Latest Science on Health: Gut Healing

Jay Stillman

3 min read


gutAt Stillman and Friedland we work hard so our clients get the financial recovery they deserve. Another way we go the extra mile for our clients is by offering the latest scientific information for physical and emotional well-being, so that our clients can make the fullest total recovery possible.

We have been encouraging our clients to explore the most cutting-edge piece of the health puzzle, the gut microbiome. In a previous post, we introduced the main concepts behind this exciting new area of research, and how your gut bacteria are an essential component of your well-being. If you have experienced a traumatic injury and have been prescribed anti-biotics, or you know your diet could use some improvement, this information can transform your healing process.

To review briefly, the makeup of the bacterial environment in your intestines influences many processes in your body. For example, serotonin, a feel-good hormone, is produced mostly (80%) in your gut, when you have a good balance of various types of bacteria. On the other hand, inflammation is aggravated by an imbalance in the variety of bacteria.

What we have been learning in the last few years is not only the influence of our bacterial colonies but how to change, expand and improve the composition of our essential bacteria for the better. The good news is that a rapid change in gut flora is possible by reversing the negative influences of diet, environment and anti-biotics. A better gut microbiome gives you a feeling of well-being, better nutrient absorption, lower risk of colon cancer, relief from headaches and many other benefits.

Antibiotic drugs, exposure to chlorine, and poor diet can kill off the more beneficial bacteria and lead to the overgrowth of inflammatory bacteria. For example, research indicates that the predominance of certain bacteria increases inflammation. Prevotella bacteria seems to be a causal factor in arthritis, but by changing your diet you can counter this problem and help yourself feel better without resorting to drugs.
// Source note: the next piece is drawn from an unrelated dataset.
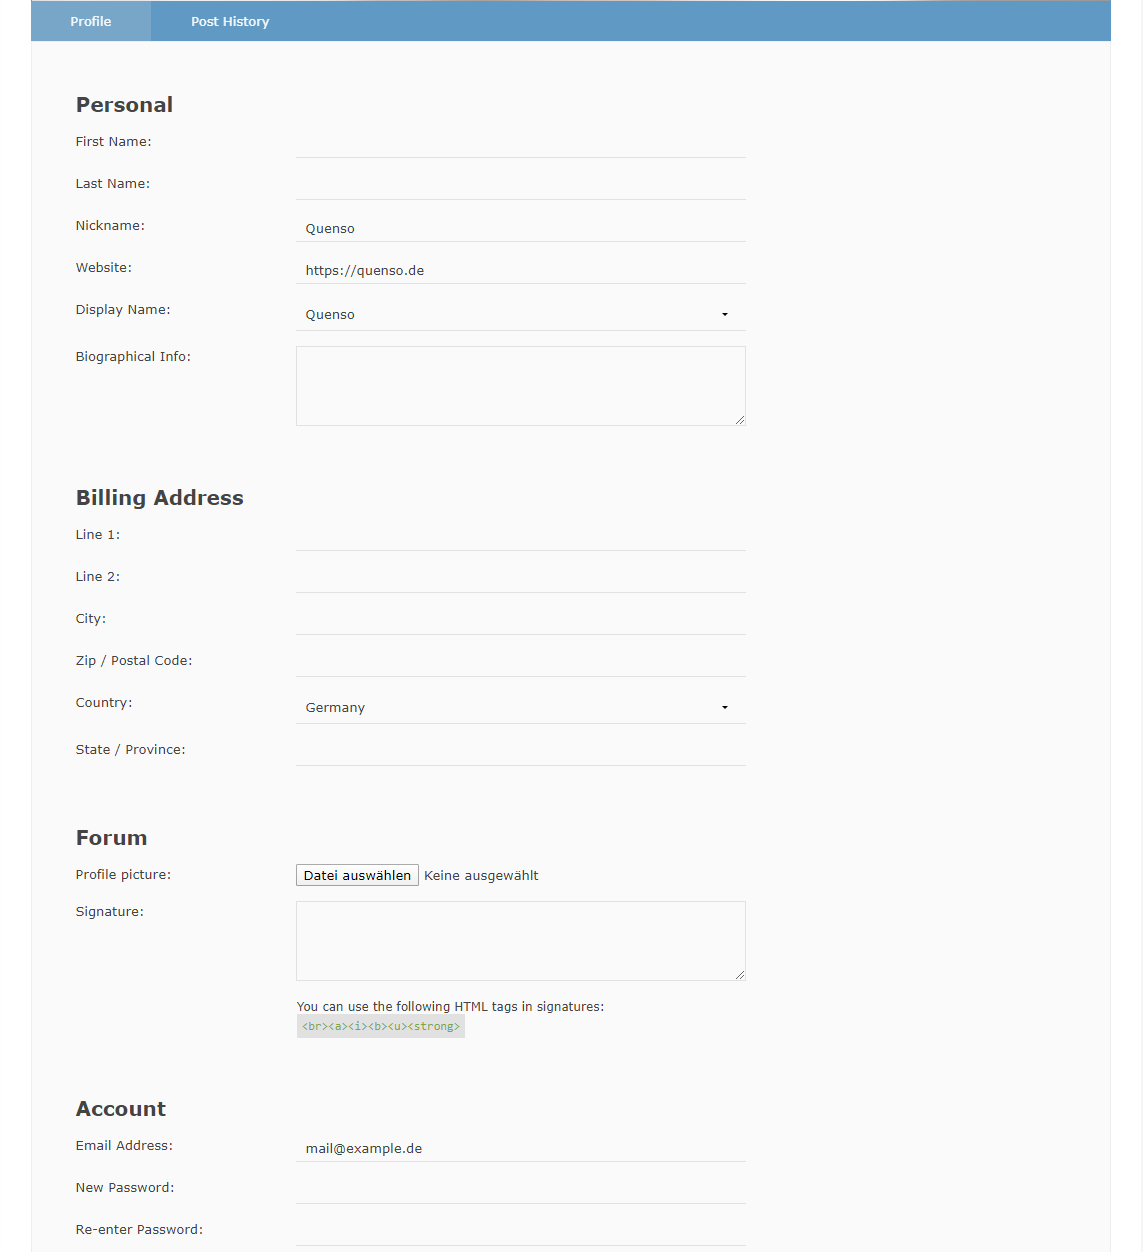 Edit profile form with custom avatar upload

You can affect a change in your gut microbiome in several ways:

  1. Diet:
    • reduce or omit sugars and empty carbohydrates, which feed the “bad bugs”
    • increase beneficial fats such as olive oil, butter, coconut oil, avocado, nuts (not peanuts), and animal fats from organic meats to repress the growth of inflammatory bacteria
    • add in prebiotics — mostly vegetable sources of soluble fibers inulin and oligofructose which feed the helpful bacteria in your gut
  2. Eliminate sanitary panic and reduce exposure to agents which kill beneficial bacteria:
    1. Use antibiotics only when necessary—to treat severe bacterial infection, or in cases where your doctor determines a preventive approach is warranted such as extensive burns or surgery. Never take antibiotics for viral infections, against which they are useless.
    2. Use a water filter that removes bacteria-killing chlorine from your tap water.
    3. Sparing use of antibacterial agents is best. These include hand sanitizer and kitchen or bathroom sprays. Opt for vinegar as opposed to bleach-based products.
  3. Last and most powerfully, increase your beneficial bacteria directly:
    1. Eat probiotic fermented foods such as homemade sauerkraut and pickles, unsweetened yogurt with active cultures, kimchee, kombucha, and kefir. These are also very helpful for children at an early age and have been shown to be protective against ASD and ADHD.
    2. Add probiotics as a diet supplement
    3. Change your gut flora by direct application — this is a powerful way to fight recurrent C-dif and conditions such as Crohn’s disease and IBS.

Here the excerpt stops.